_WHAT IS EXPECTED_
A copy of the listing below is needed, exact in every line and without images.

_AVAILABLE DATA_
━━━━━━━━

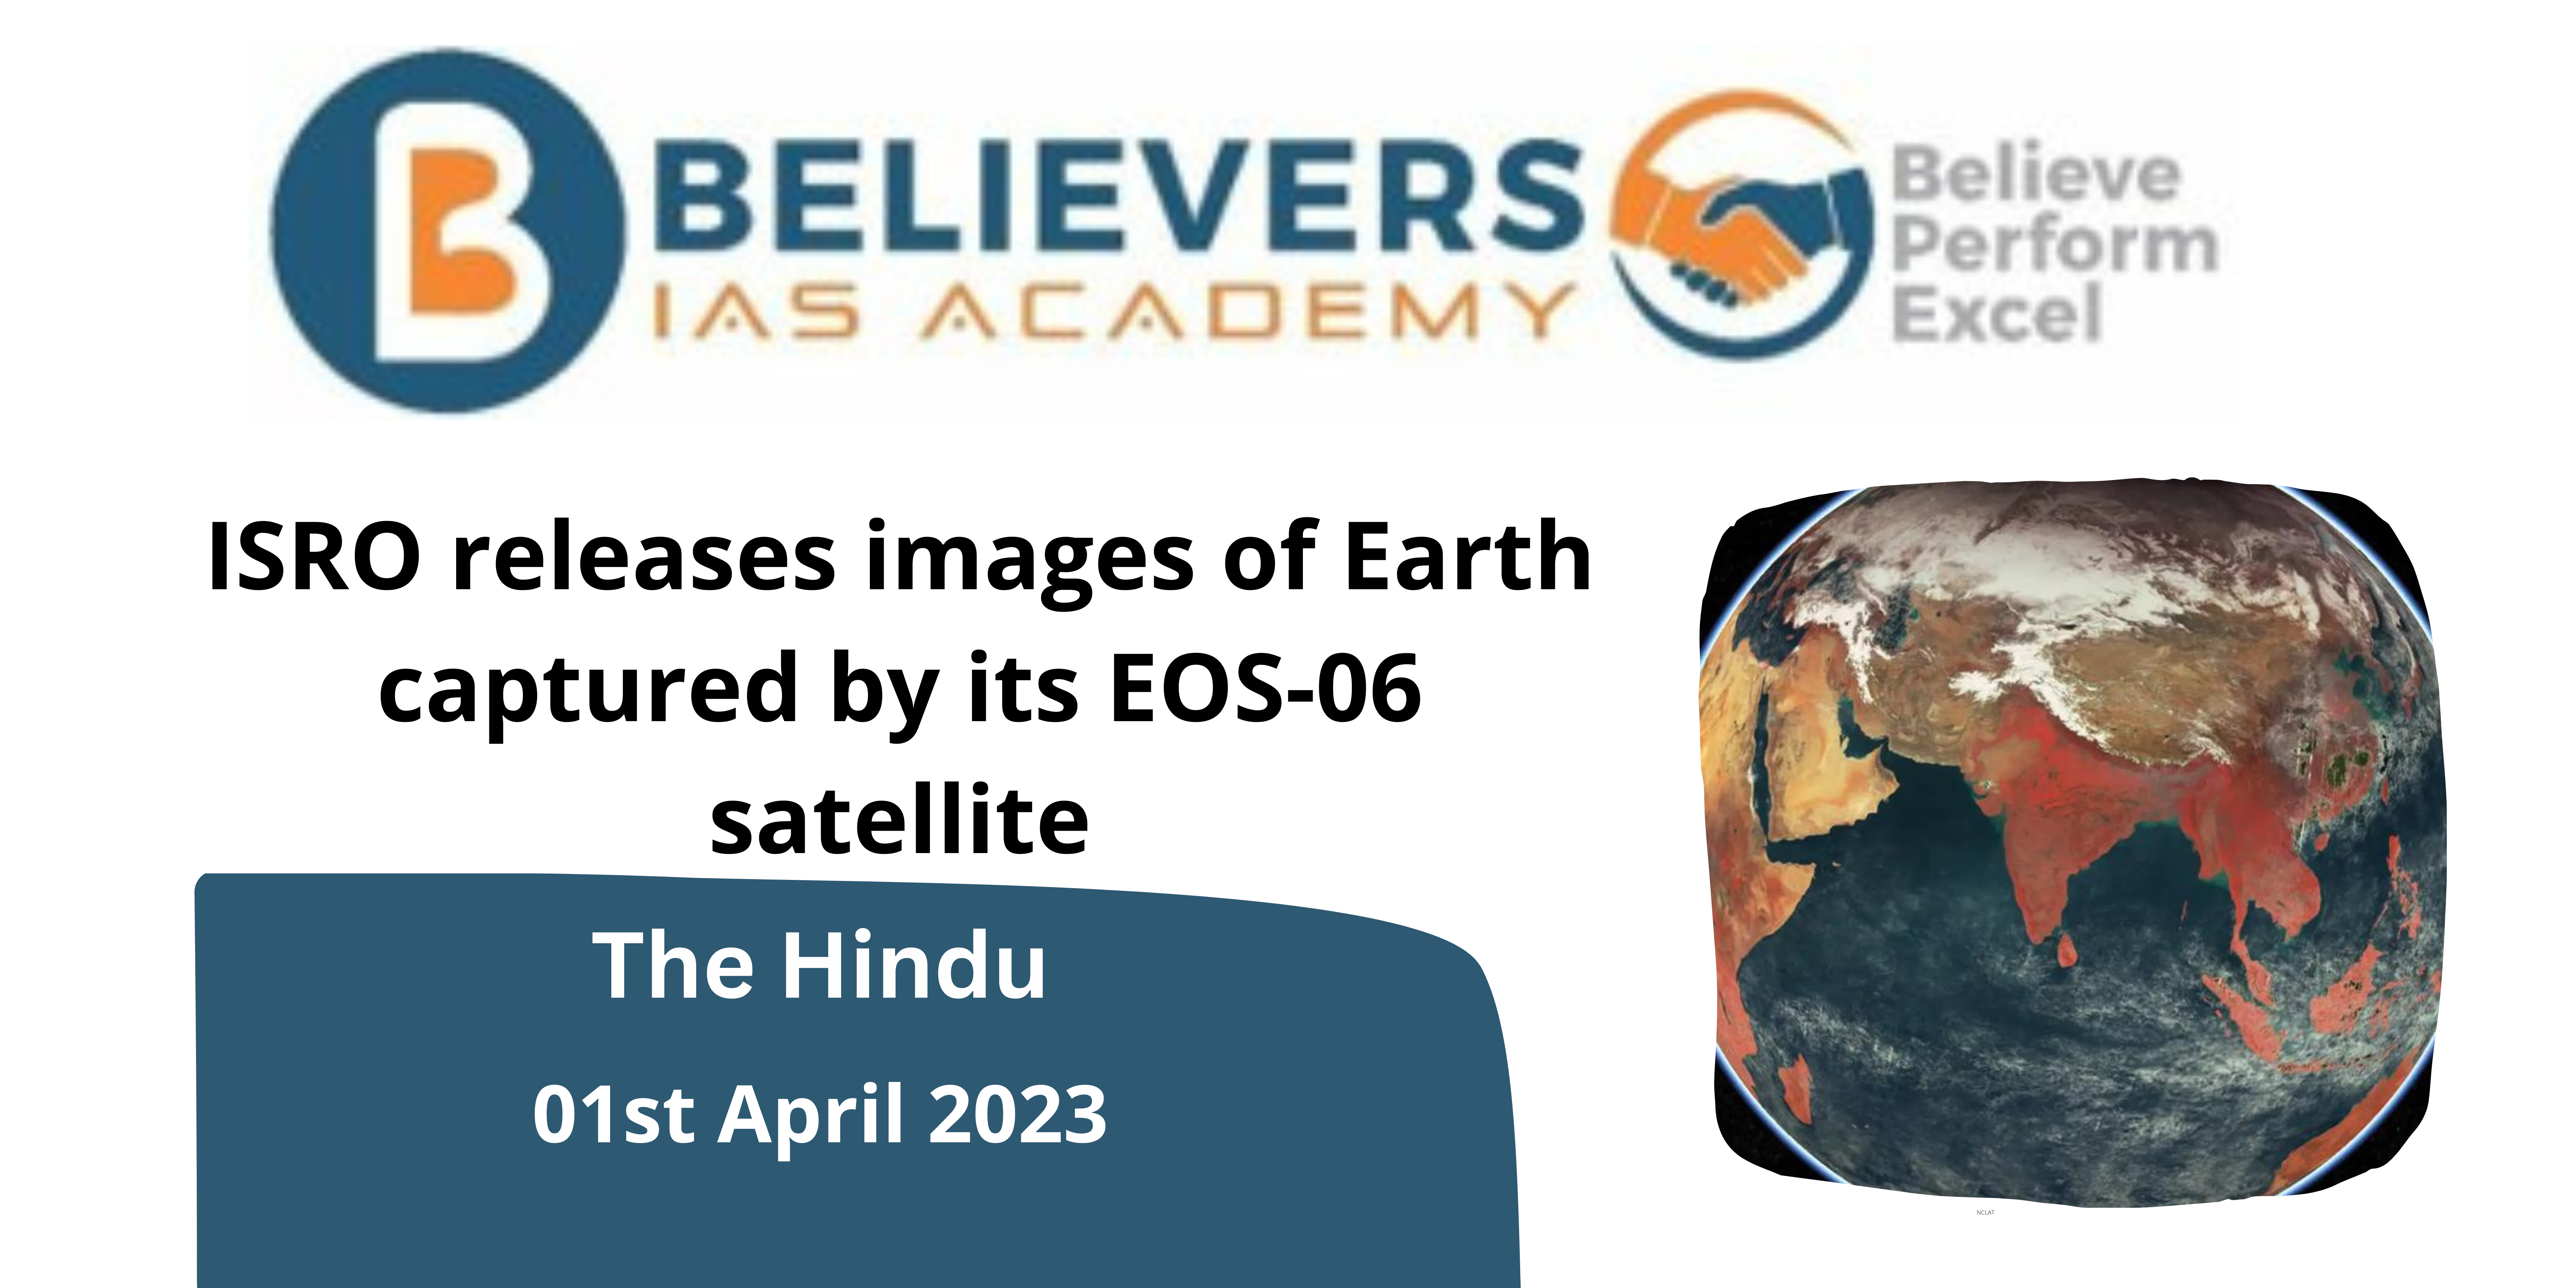 ISRO releases images of Earth captured by its EOS-06 satellite
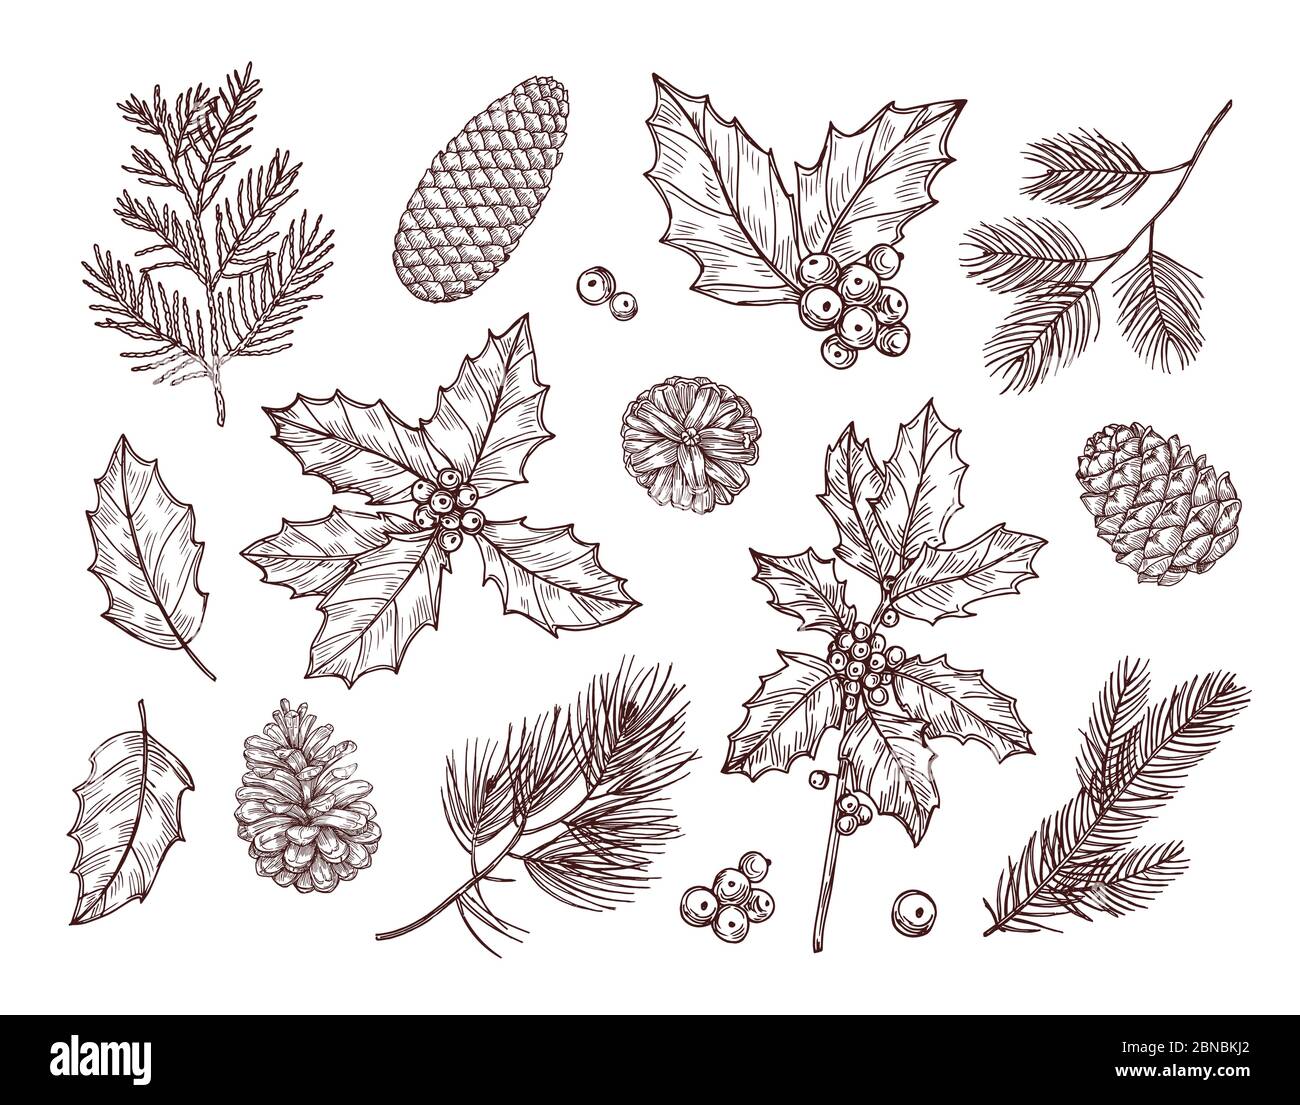 Christmas plants. Sketch fir branches, pine cones and holly leaves with berries. Christmas winter botanical vintage hand drawn set. Branch with pine sketch, decoration tree illustration Stock Vector
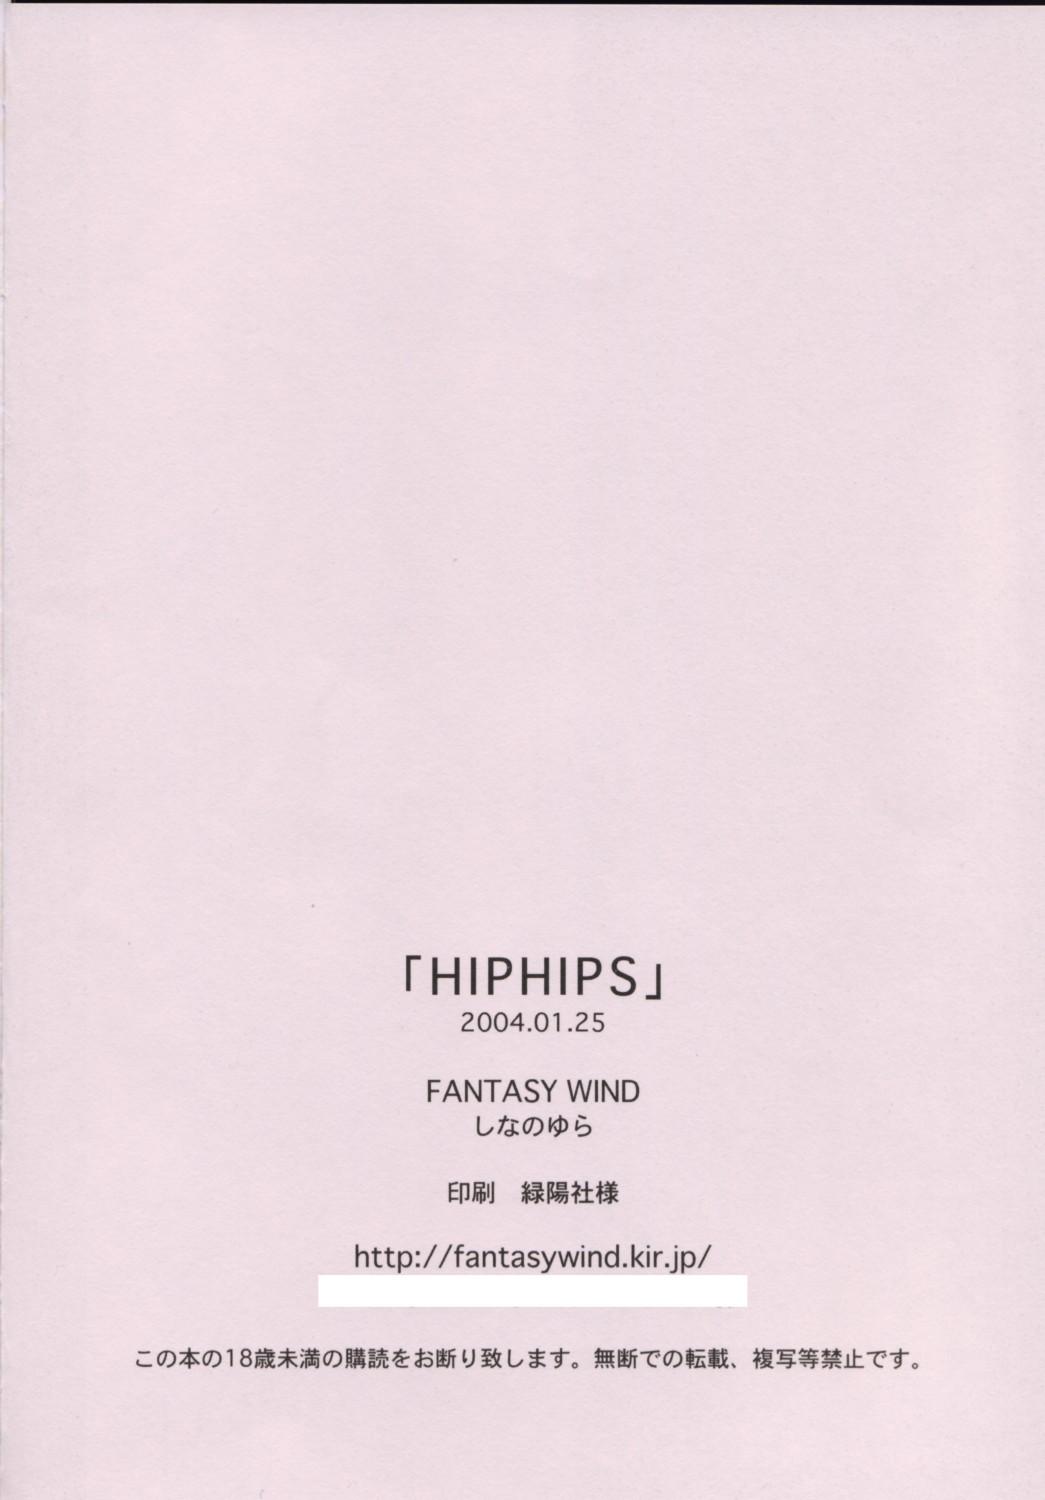 HIPHIPS 16
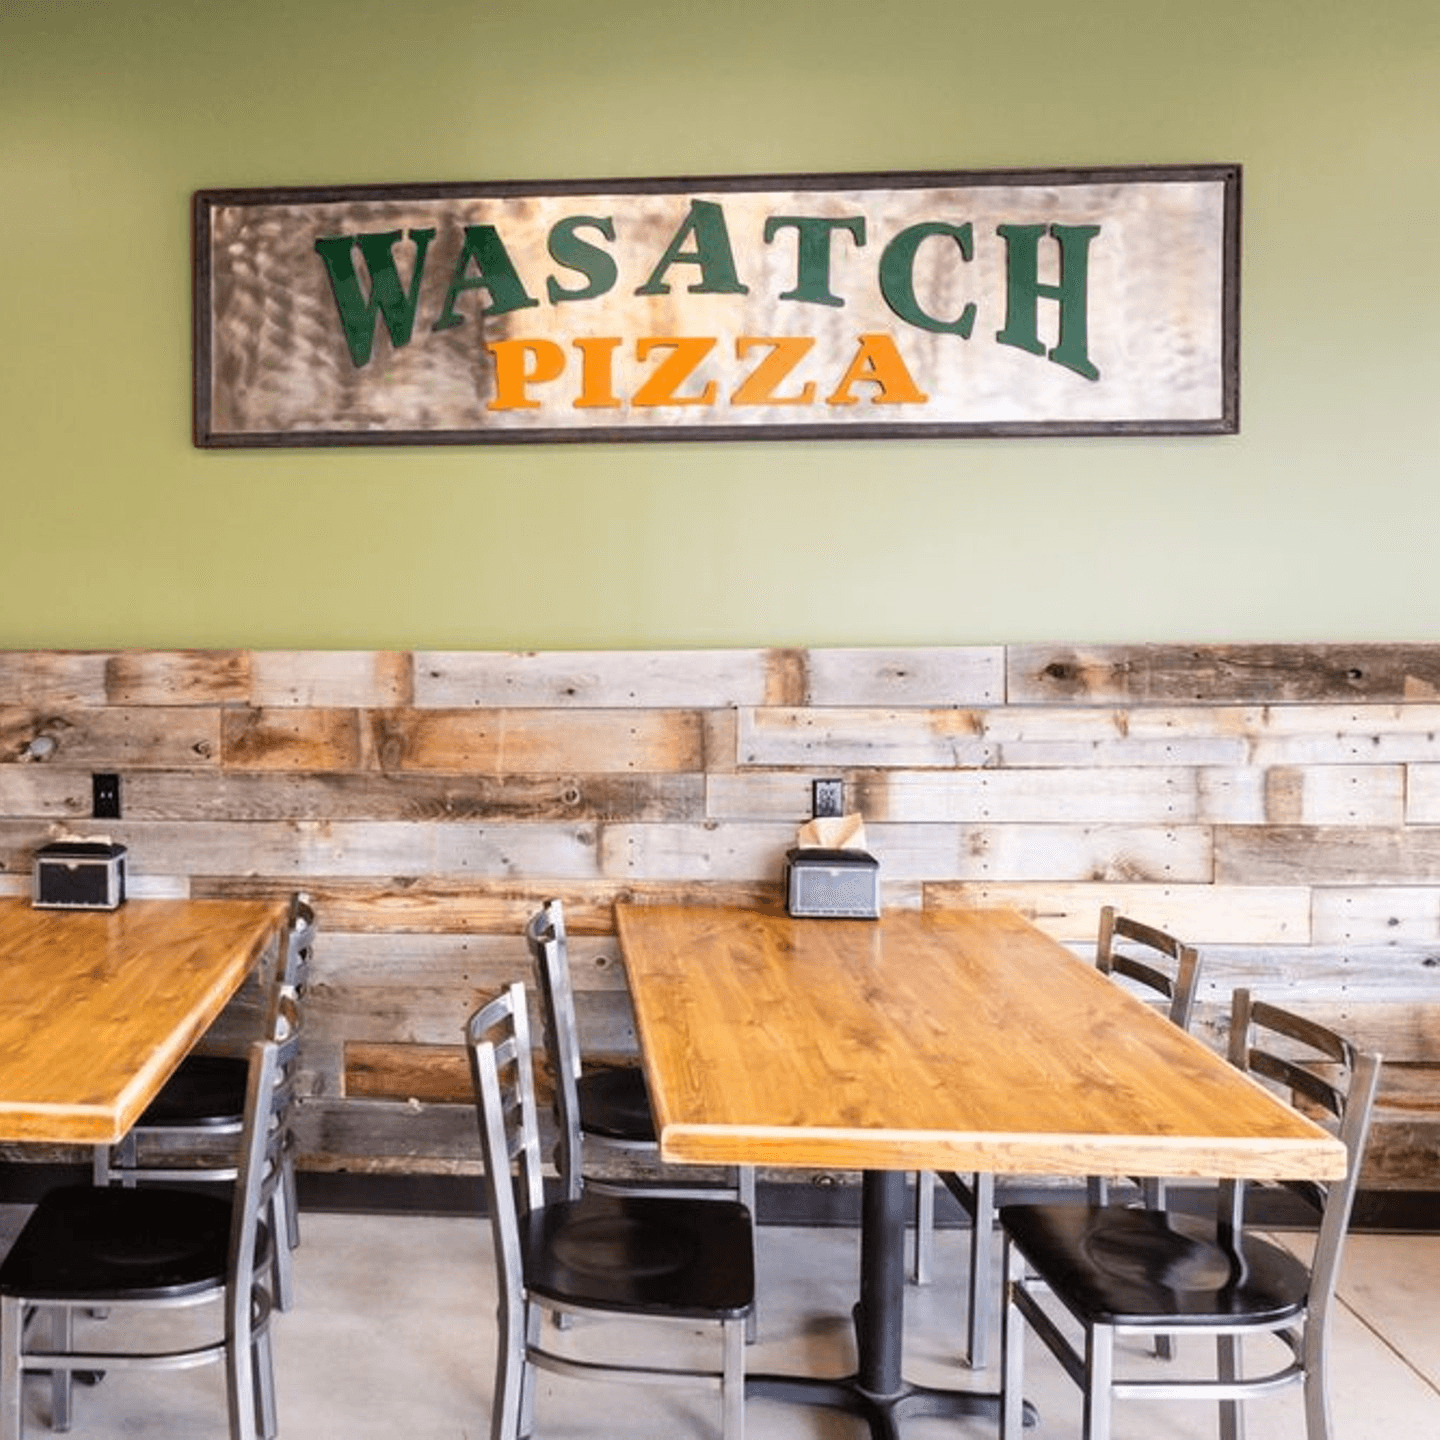 Join Us at Wasatch Pizza

━━━━━━━━

_SOLUTION FOR THIS PROBLEM_
 ISRO releases images of Earth captured by its EOS-06 satellite
 Christmas plants. Sketch fir branches, pine cones and holly leaves with berries. Christmas winter botanical vintage hand drawn set. Branch with pine sketch, decoration tree illustration Stock Vector
 HIPHIPS 16
 Join Us at Wasatch Pizza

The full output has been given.